Tribunal Administratif de Lille — Décision N° TA59-2306580

mercredi 15 mai 2024

JuridictionTribunal Administratif de Lille
SectionTribunal Administratif de Lille
N° DossierTA59-2306580
TypeDécision
RecoursExcès de pouvoir
Formation6ème chambre
Avocat requérantBAUDUIN

Texte intégral

Vu la procédure suivante :

Par une requête et un mémoire, enregistrés les 19 juillet 2023 et 13 septembre 2023, M. B A, représenté par Me Bauduin, demande au tribunal, dans le dernier état de ses écritures :

1°) d'annuler pour excès de pouvoir l'arrêté du 20 juin 2023 par lequel le préfet du Pas-de-Calais a refusé de lui délivrer un titre de séjour, l'a obligé à quitter le territoire français dans un délai de trente jours, a fixé le pays de destination de cette mesure d'éloignement et lui a interdit son retour sur le territoire français pendant une durée d'un an ;

2°) d'enjoindre au préfet du Pas-de-Calais, dans un délai de quinze jours à compter de la notification du jugement à intervenir et sous astreinte de 150 euros par jour de retard, de lui délivrer une carte de séjour temporaire portant la mention " étudiant " ou " vie privée et familiale " ou, à défaut, de procéder à un nouvel examen de sa situation et de lui délivrer, dans l'attente, un récépissé de demande de titre de séjour, dans le même délai et sous la même astreinte ;

3°) de mettre à la charge de l'Etat la somme de 1 500 euros au titre de l'article L. 761-1 du code de justice administrative.

Il soutient que :

En ce qui concerne la décision portant refus de titre de séjour :

- elle a été prise par une autorité incompétente ;

- elle est insuffisamment motivée ;

- elle est entachée d'un défaut d'examen particulier de sa situation ;

- elle est entachée d'une erreur de droit et d'une erreur d'appréciation dans l'application des dispositions des articles L. 412-1 et L. 422-1 du code de l'entrée et du séjour des étrangers et du droit d'asile ;

- elle porte une atteinte disproportionnée à son droit au respect de sa vie privée et familiale garanti par l'article 8 de la convention européenne de sauvegarde des droits de l'homme et des libertés fondamentales et méconnaît les articles L. 423-23, L. 435-1 et L. 313-11, 7° du code de l'entrée et du séjour des étrangers et du droit d'asile ;

- elle est entachée d'une erreur manifeste d'appréciation de ses conséquences sur sa situation personnelle.
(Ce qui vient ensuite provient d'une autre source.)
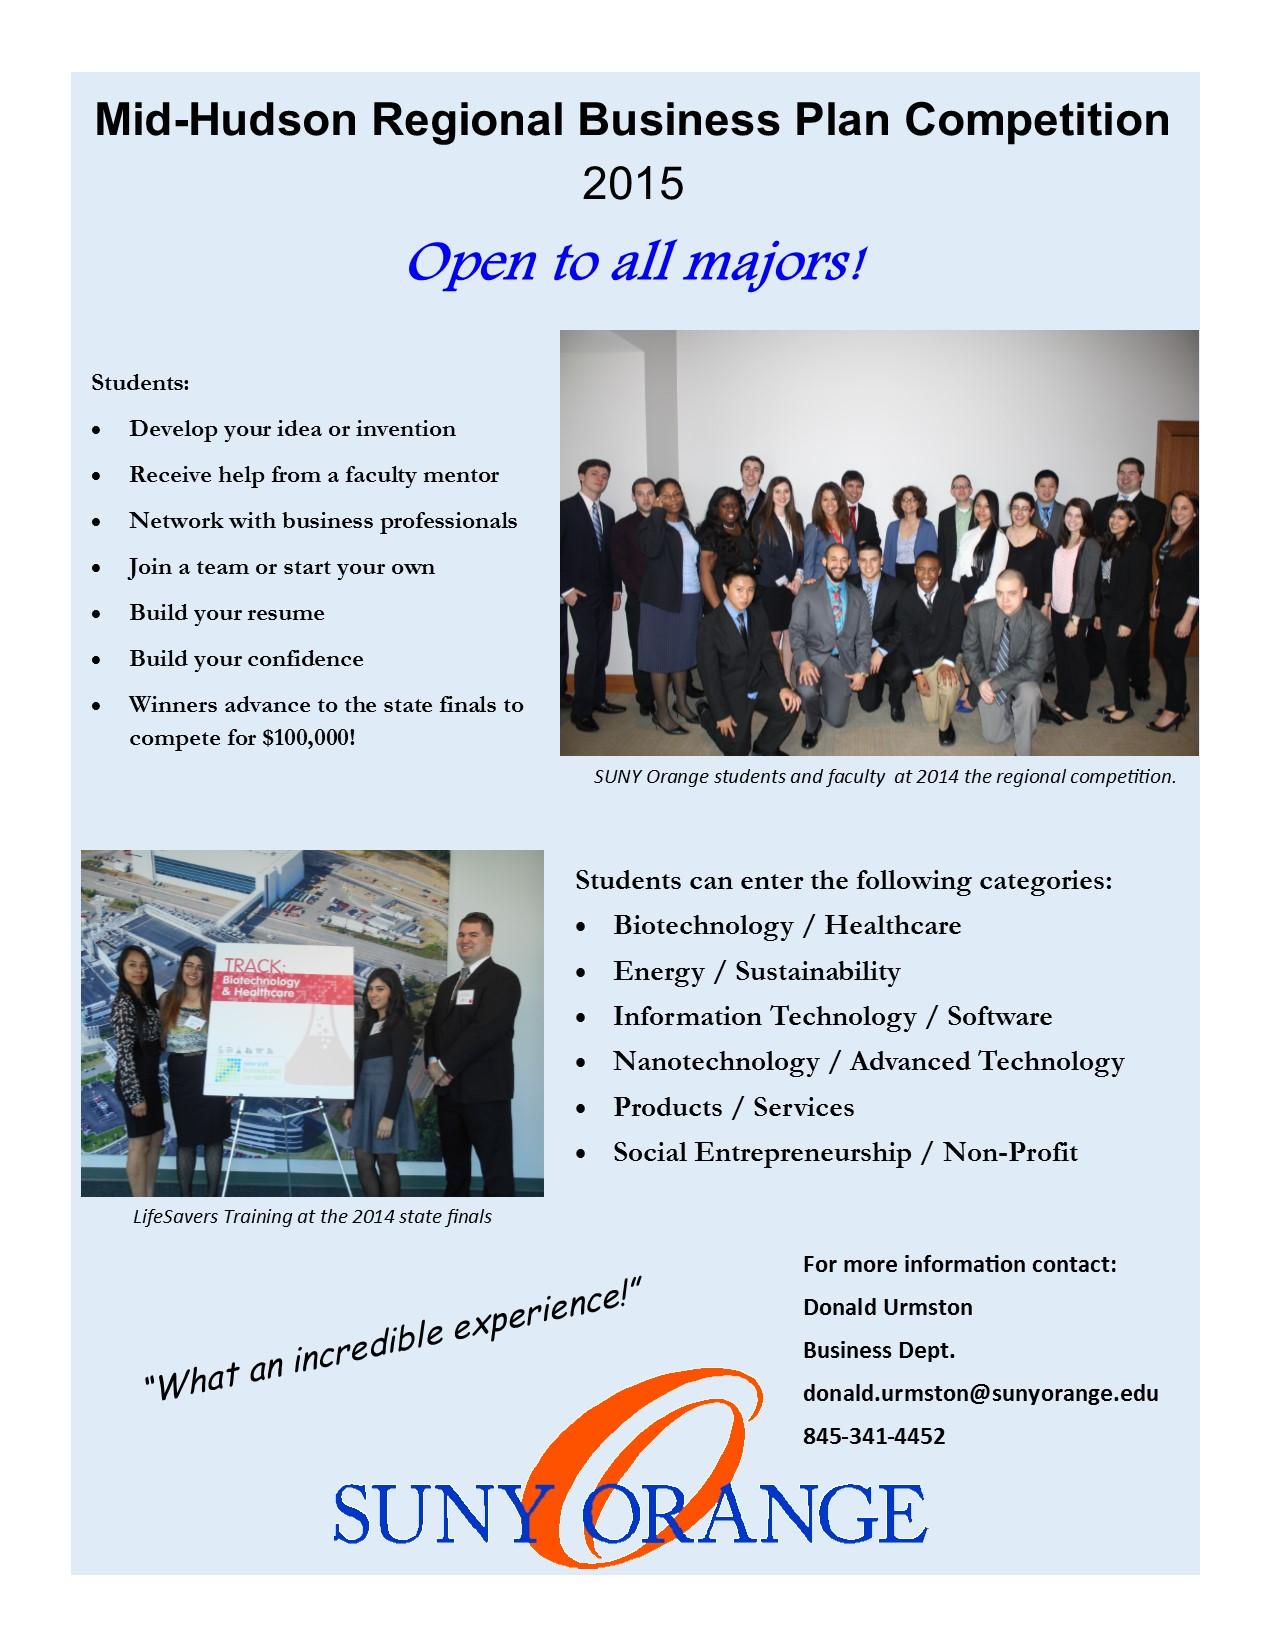 Mid-Hudson Innovation & Business Competition, SUNY Orange GRAPEVINE

En ce qui concerne la décision portant obligation de quitter le territoire français :

- elle est illégale par voie de conséquence de l'illégalité de la décision portant refus de titre de séjour.

En ce qui concerne la décision portant interdiction de retour sur le territoire français :

- elle est illégale par voie de conséquence de l'illégalité de la décision portant refus de titre de séjour.

Par un mémoire en défense, enregistré le 27 juillet 2023, le préfet du Pas-de-Calais conclut au rejet de la requête.

Il soutient que les moyens soulevés par le requérant ne sont pas fondés.

Par une ordonnance du 19 septembre 2023, la clôture de l'instruction a été fixée au 19 décembre 2023.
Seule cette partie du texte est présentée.